[Supplied data]
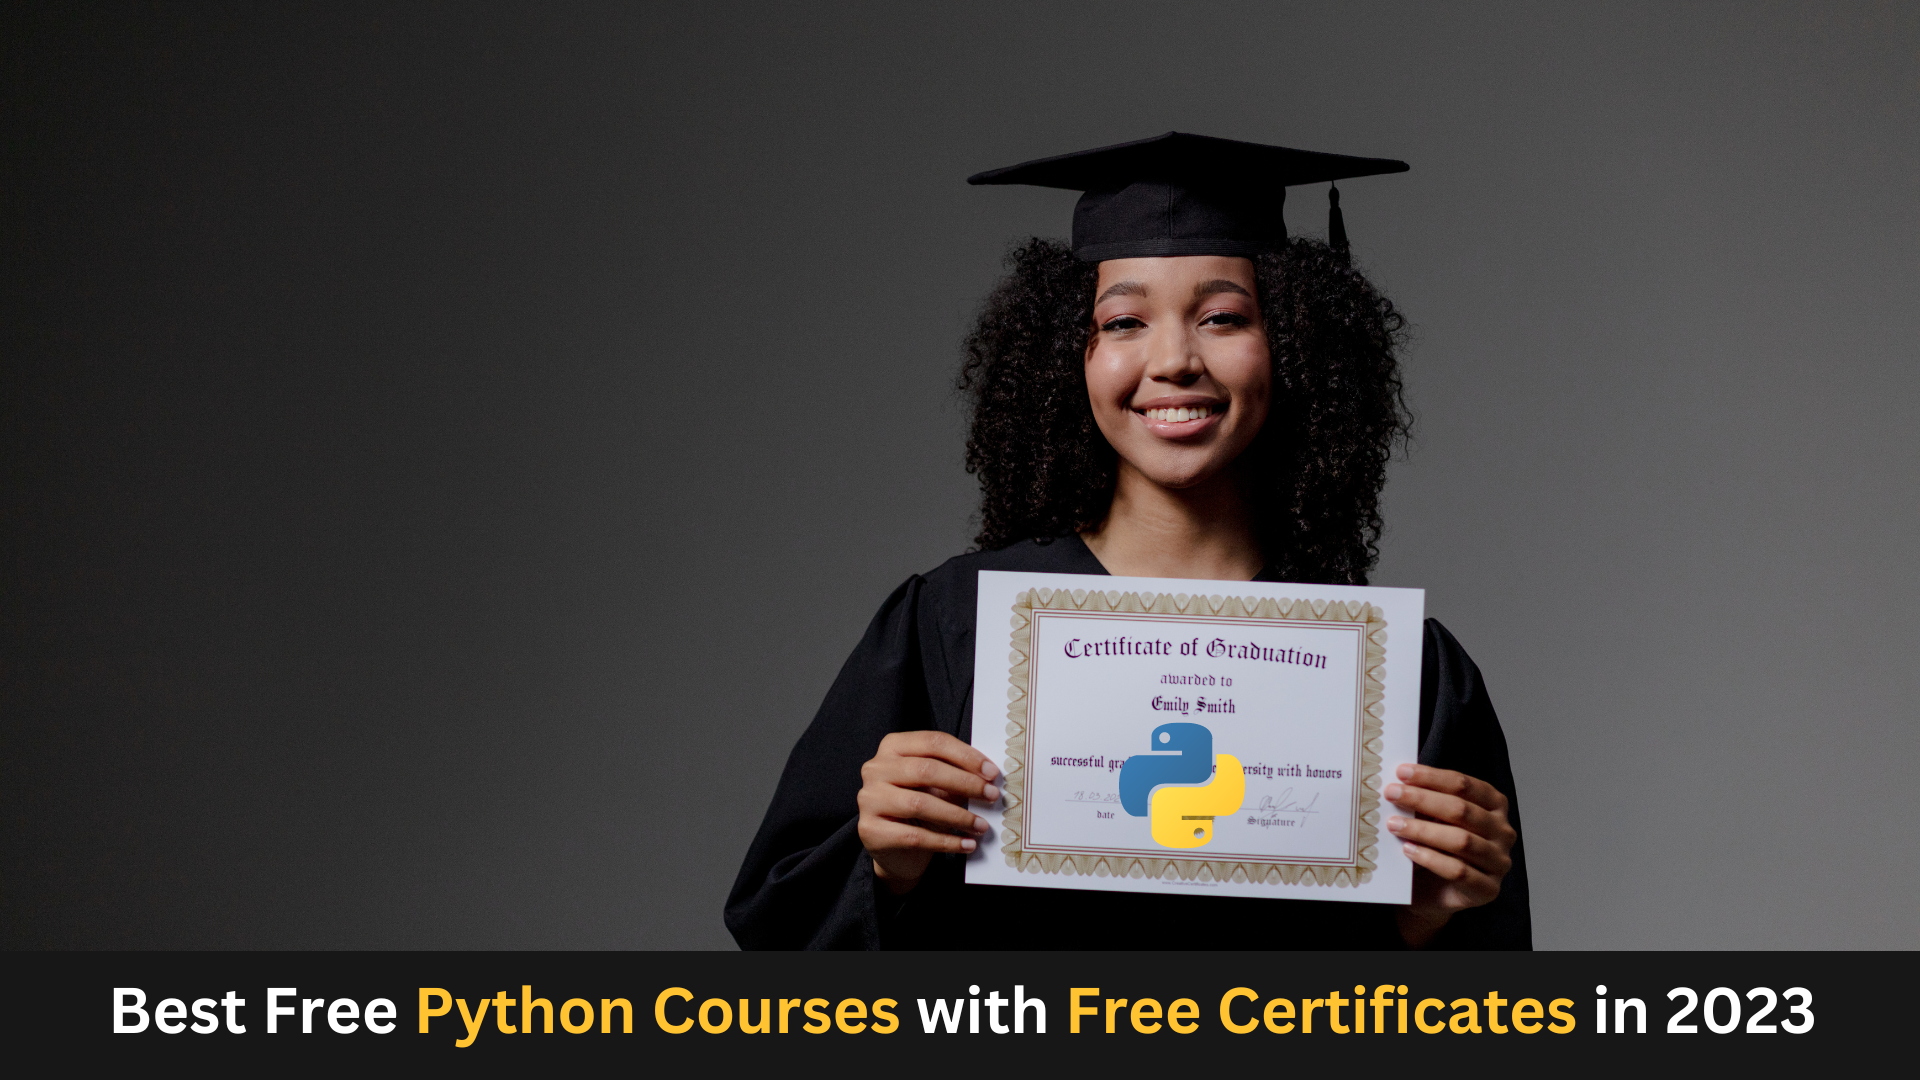 The Best Free Python Courses with Free Certificates in 2023
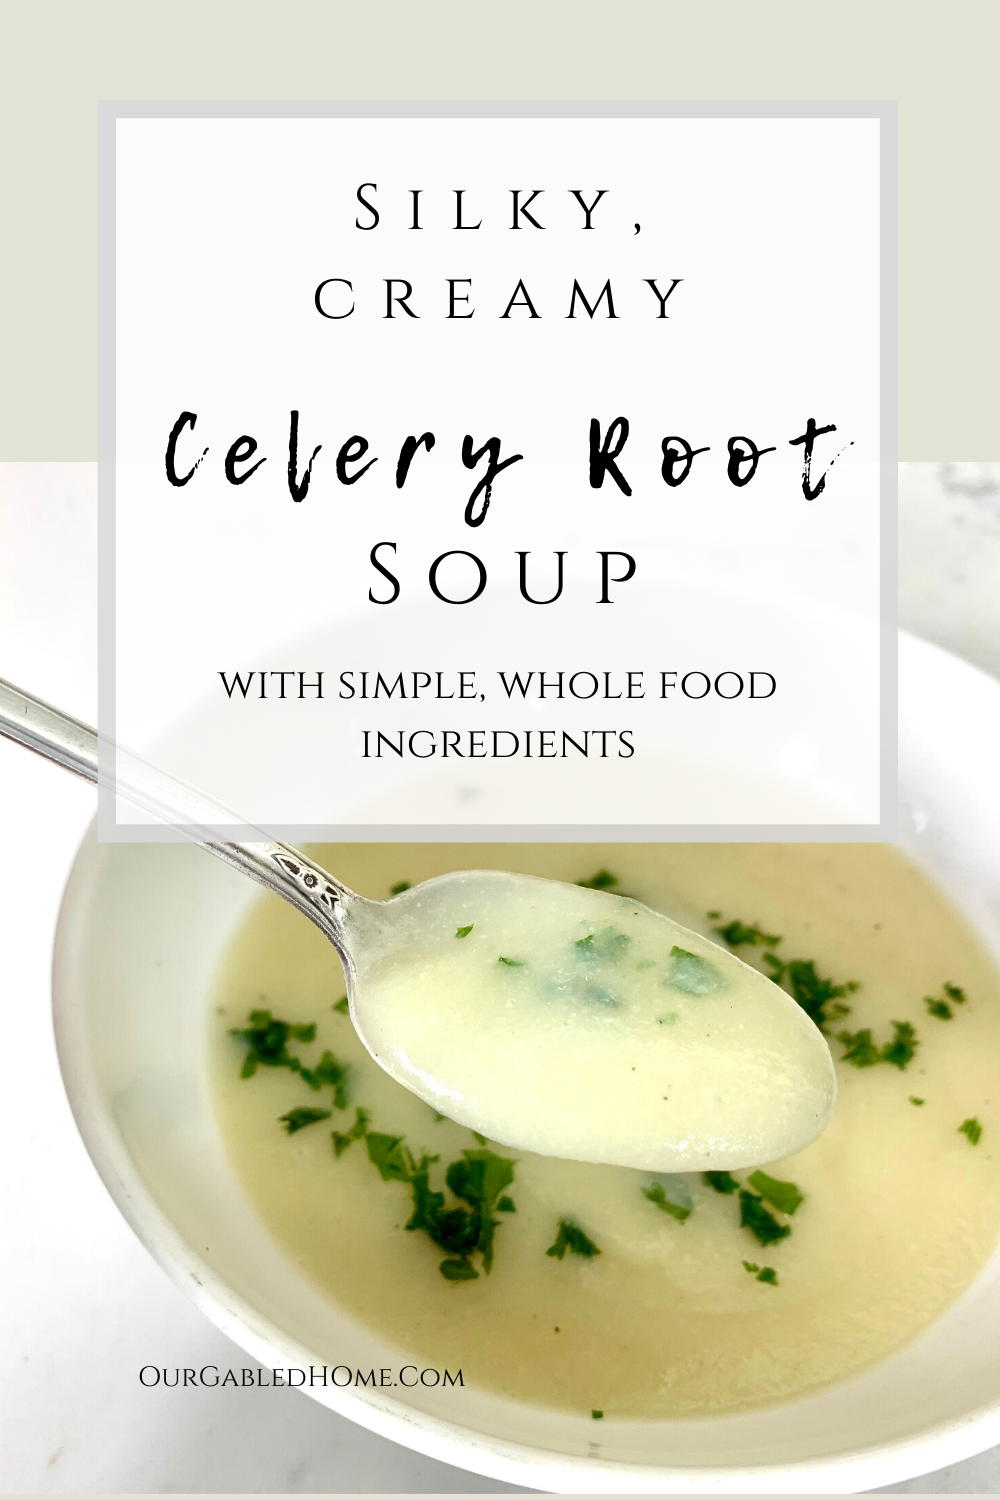 Silky, creamy celery root soup with simple, whole food ingredients
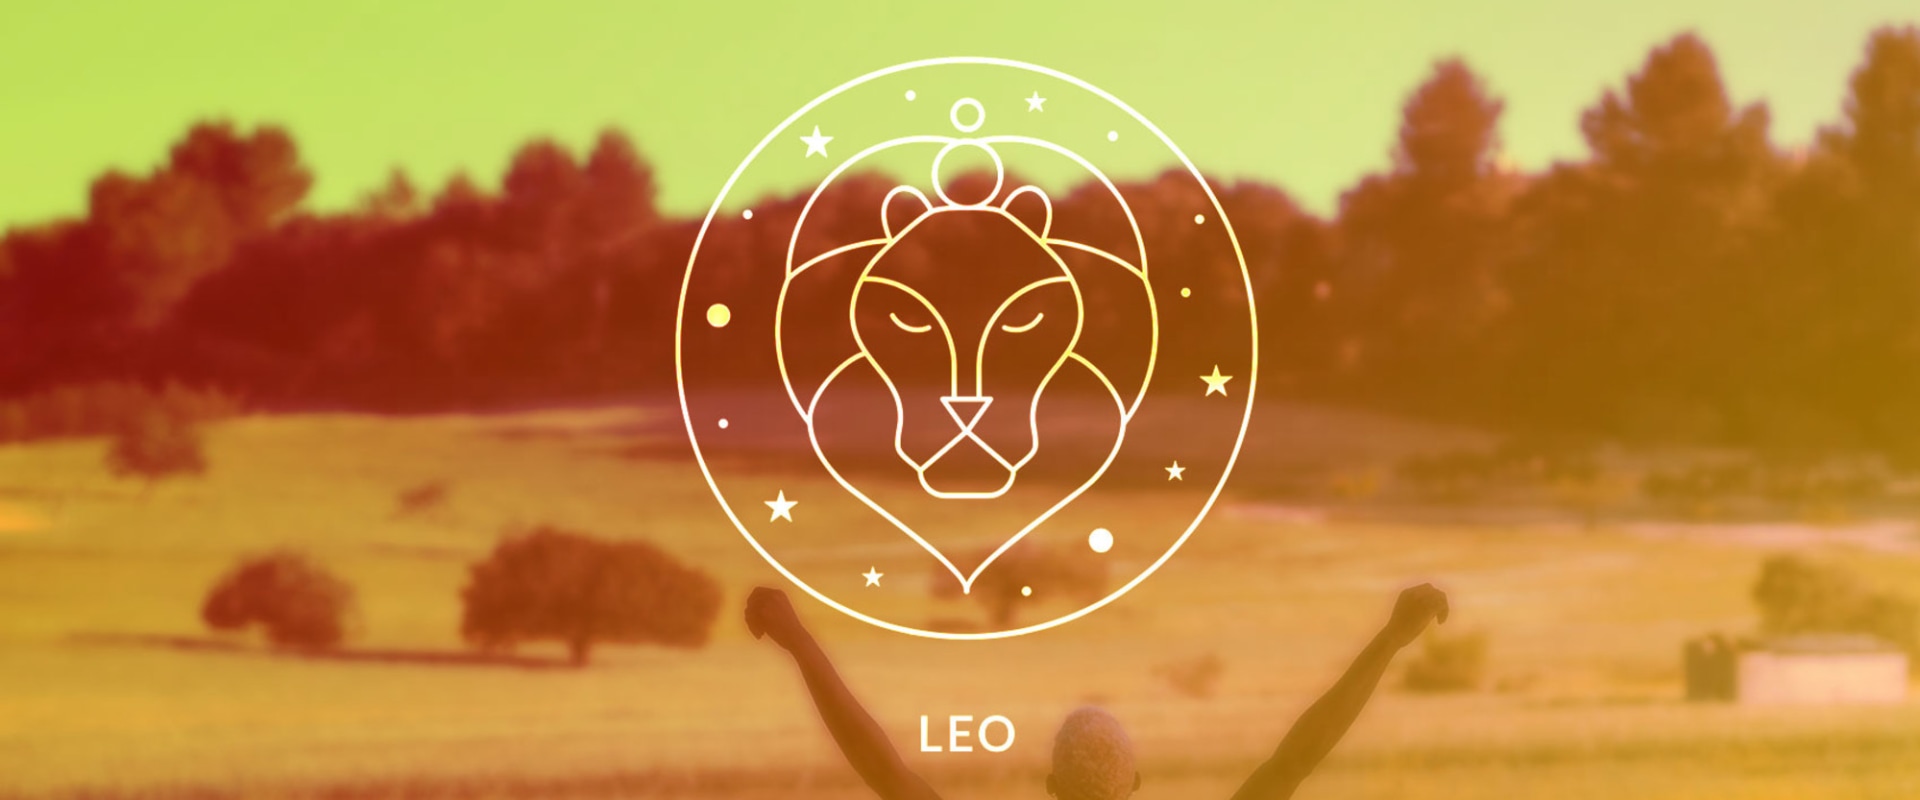 Leo Meaning: A Guide to the Astrological Sign
[/Supplied data]
Work instructions: Your copy should hold only the lines from the line with "Silky, creamy celery" through the end of the data above, both ends included, transcribed exactly and without pictures.

Solved exercise:
 Silky, creamy celery root soup with simple, whole food ingredients
 Leo Meaning: A Guide to the Astrological Sign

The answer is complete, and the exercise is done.